19. The computing node of claim 18, wherein the boot/backup manager is further configured to, in response to passing the cluster check, cause the remote boot image and the remote configuration parameters to be updated based on a local boot image and local configuration parameters.

20. The computing node of claim 19, wherein, while using the remote boot image and the remote configuration, the boot/backup manager is configured to initiate a replacement of the local boot image and the local configuration parameters with the remote boot image and the remote configuration parameters in response to receipt of indication of a repair associated with the failed cluster check.

Description

TECHNICAL FIELD

[0001] Examples described herein relate generally to distributed computing systems. Examples of virtualized systems are described.
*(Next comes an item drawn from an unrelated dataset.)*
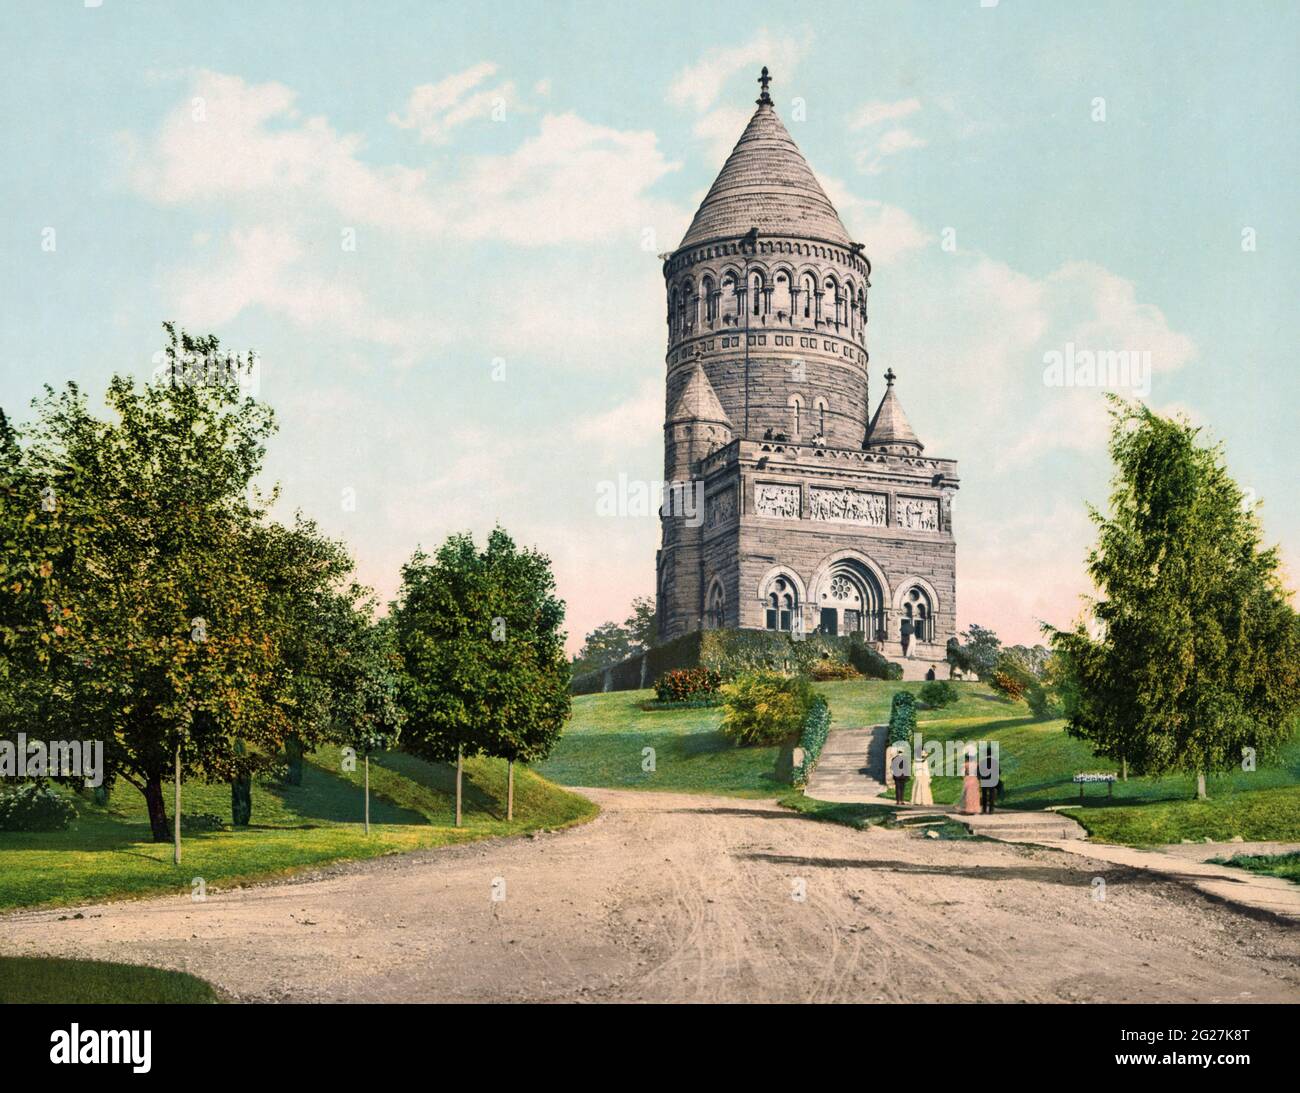 Photochrom print of the Garfield Memorial in Cleveland, Ohio, circa 1900. Stock Photo

Examples of distributed computing systems described herein may facilitate transition to use of remote boot operations.

BACKGROUND

[0002] A virtual machine (VM) generally refers to a software-based implementation of a machine in a virtualization environment, in which the hardware resources of a physical computer (e.g., CPU, memory, etc.) are virtualized or transformed into the underlying support for the fully functional virtual machine that can run its own operating system and applications on the underlying physical resources just like a real computer.

[0003] Virtualization generally works by inserting a thin layer of software directly on the computer hardware or on a host operating system. This layer of software contains a virtual machine monitor or "hypervisor" that allocates hardware resources dynamically and transparently. Multiple operating systems may run concurrently on a single physical computer and share hardware resources with each other. By encapsulating an entire machine, including CPU, memory, operating system, and network devices, a virtual machine may be completely compatible with most standard operating systems, applications, and device drivers. Most modern implementations allow several operating systems and applications to safely run at the same time on a single computer, with each having access to the resources it needs when it needs them.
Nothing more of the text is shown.